In the records below, find the line that contains "Connection node and". Retype that line and all the lines after it through the end, leaving out the pictures.

──────── Task inputs ────────

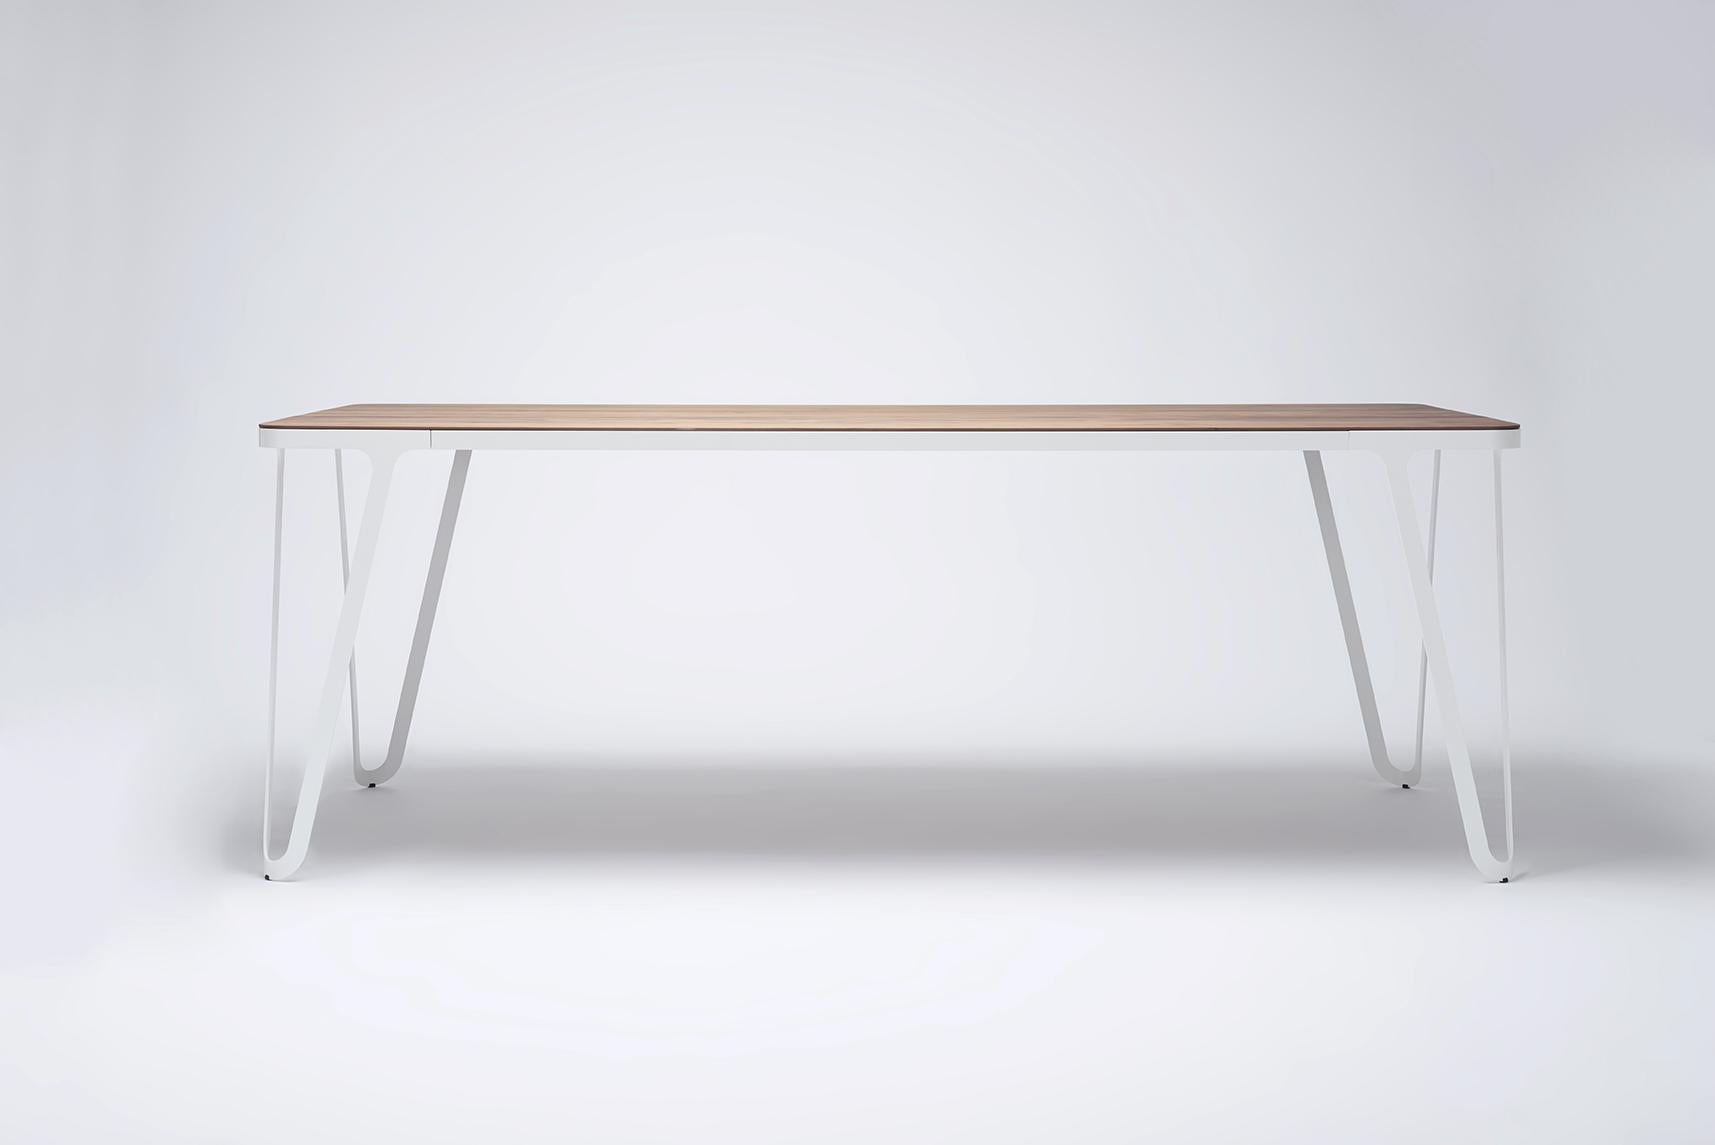 Loop Table 160 Ash by Sebastian Scherer
Dimensions: D160 x W90 x H74 cm
Materials: Ash, Aluminium, Wood
Weight: 47 kg
Also Available: Colours:Solid wood (matt lacquered or oiled): black and white stained ash / natural oak / american
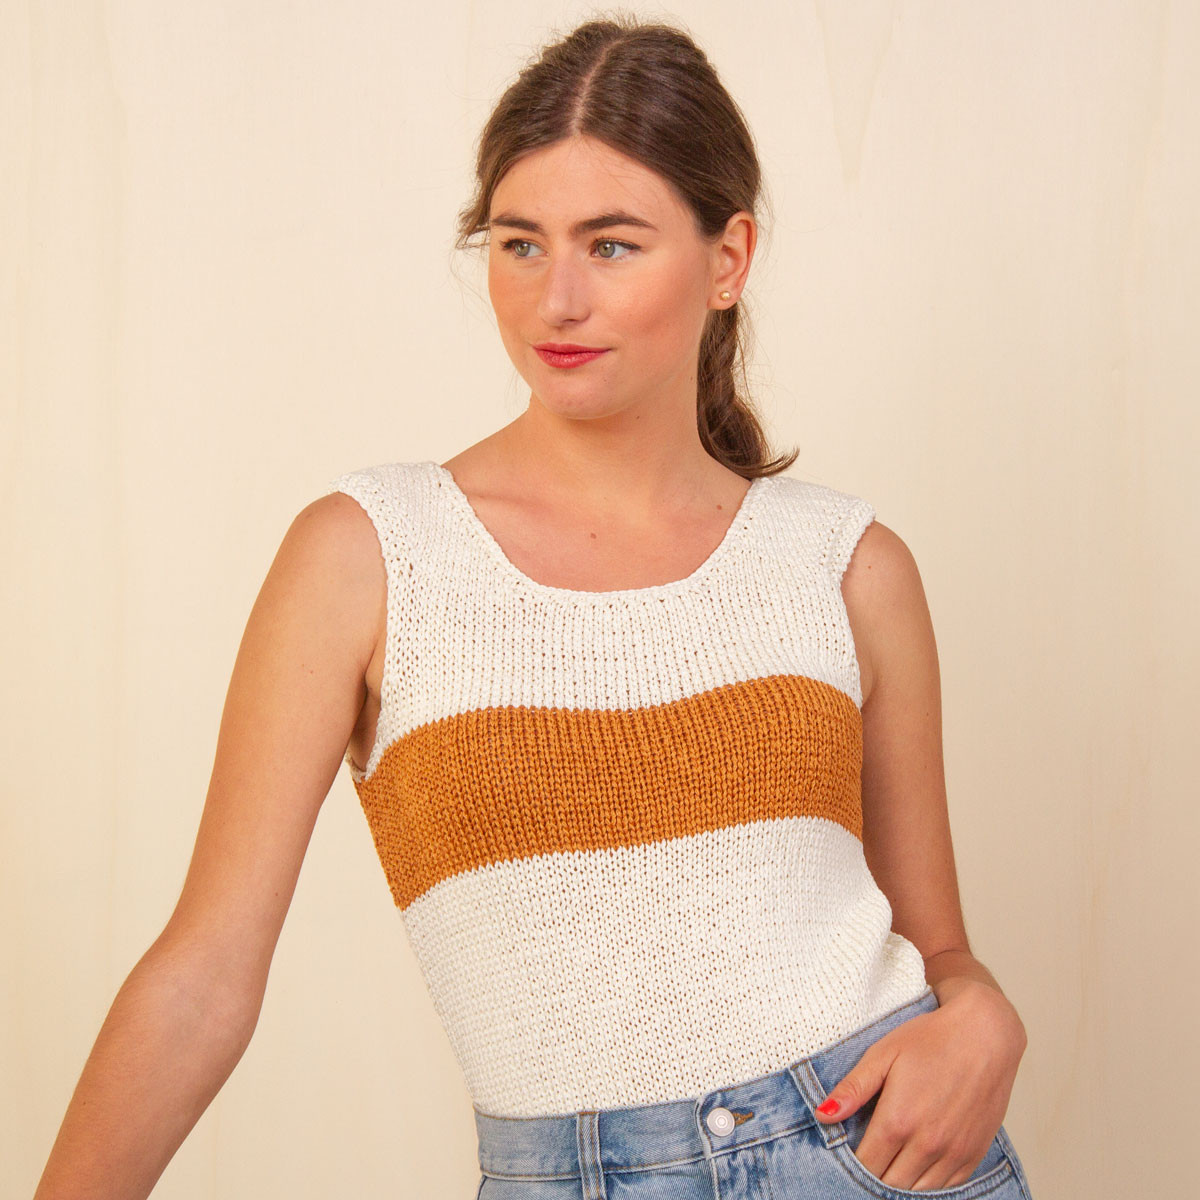 Women's top to knit
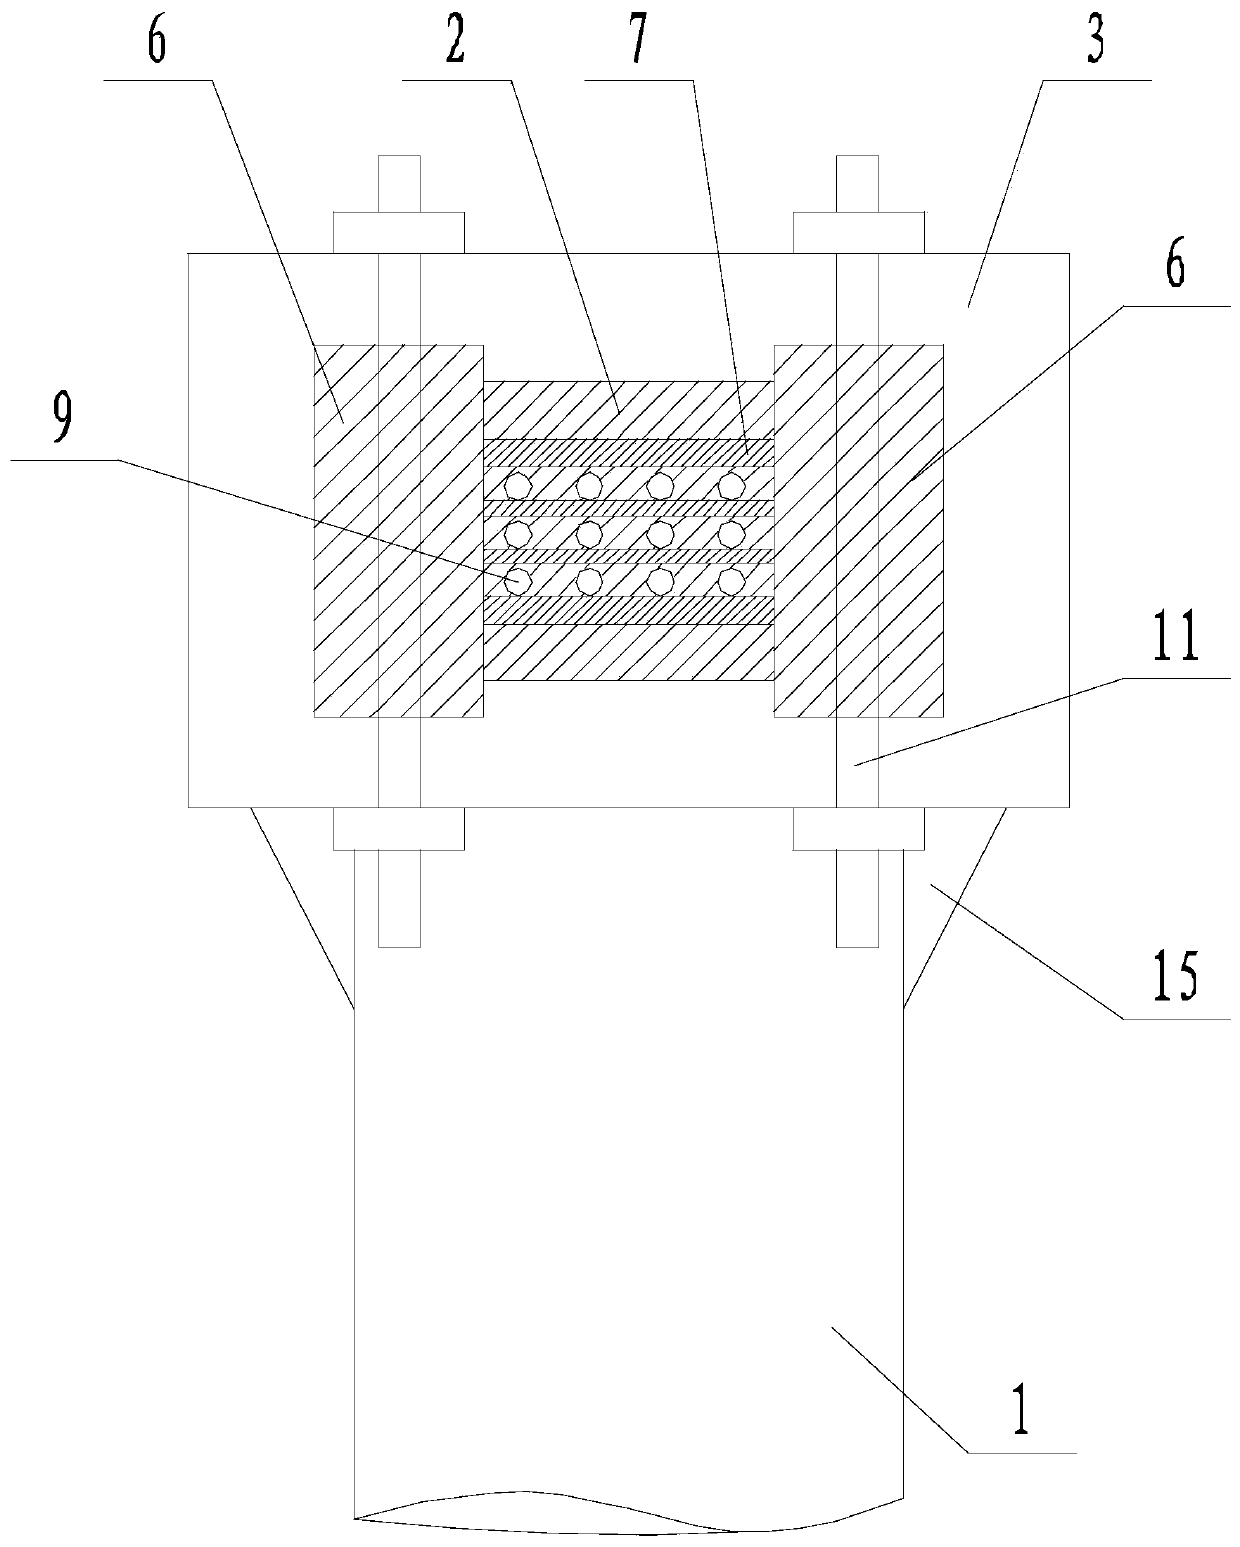 Connection node and method for reinforced concrete conversion column wrapping reinforced concrete conversion beam
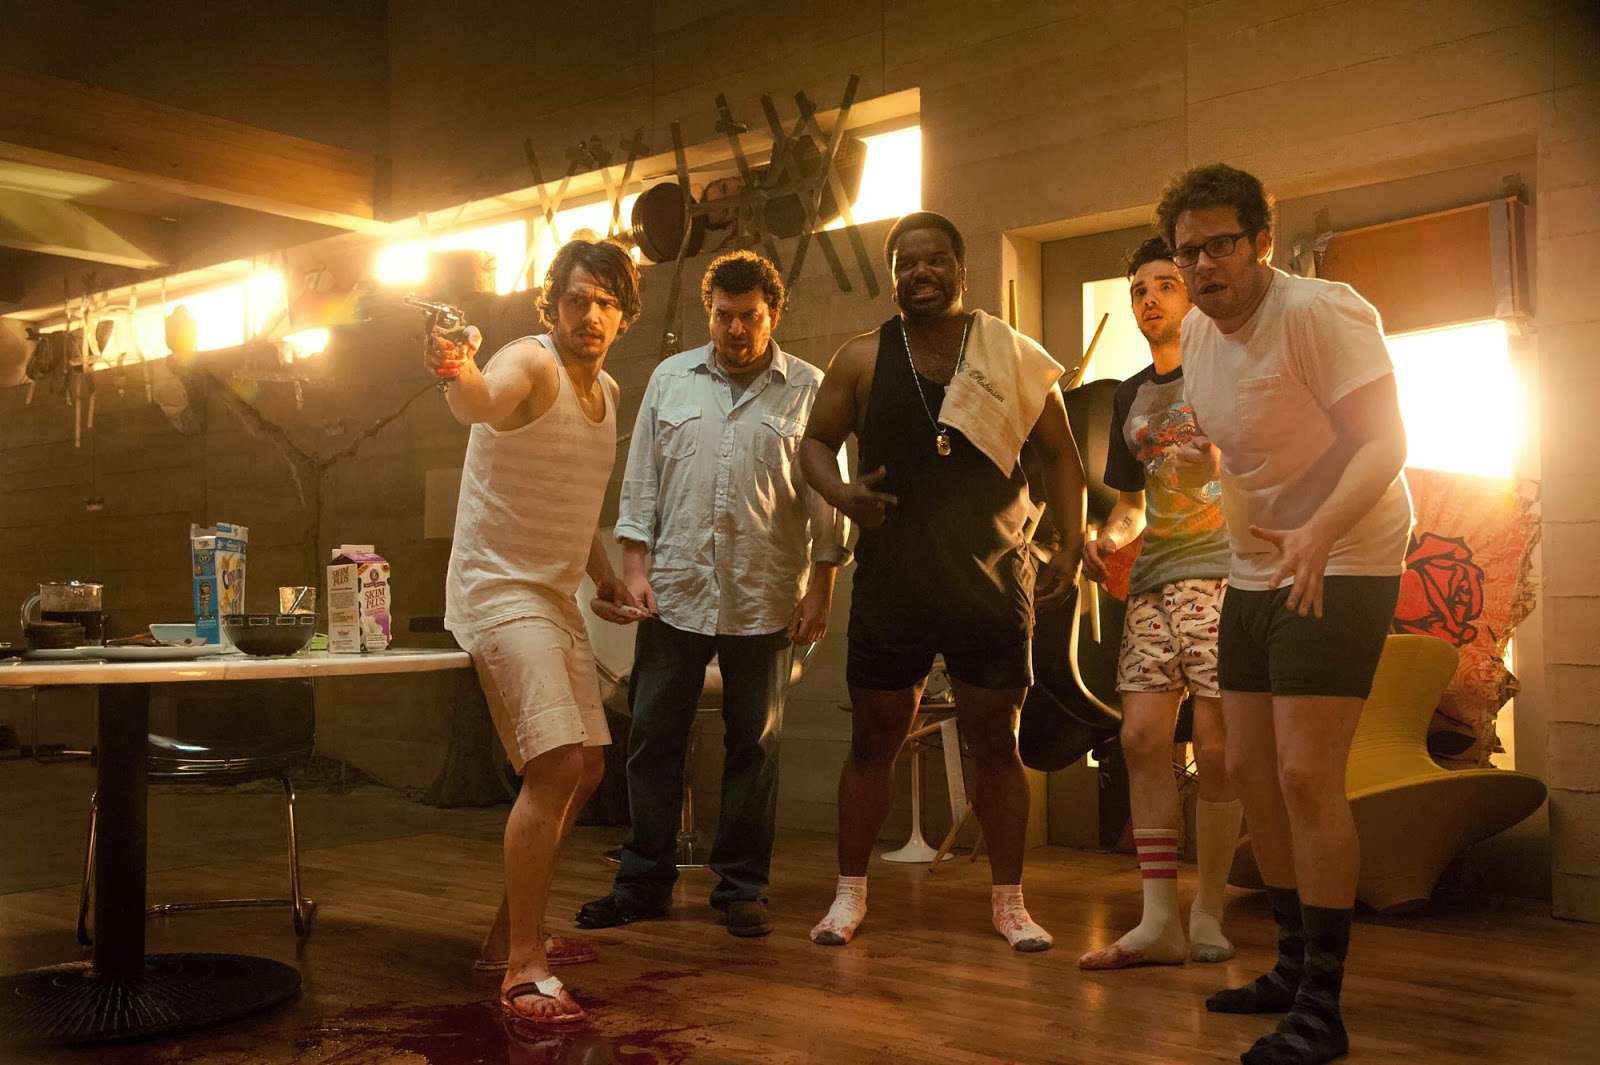 Facing the Biblical end of the world - James Franco, Danny McBride, Craig Robinson, Jay Baruchel and Seth Rogen in This is The End (2013)

────────

### Answer section
 Connection node and method for reinforced concrete conversion column wrapping reinforced concrete conversion beam
 Facing the Biblical end of the world - James Franco, Danny McBride, Craig Robinson, Jay Baruchel and Seth Rogen in This is The End (2013)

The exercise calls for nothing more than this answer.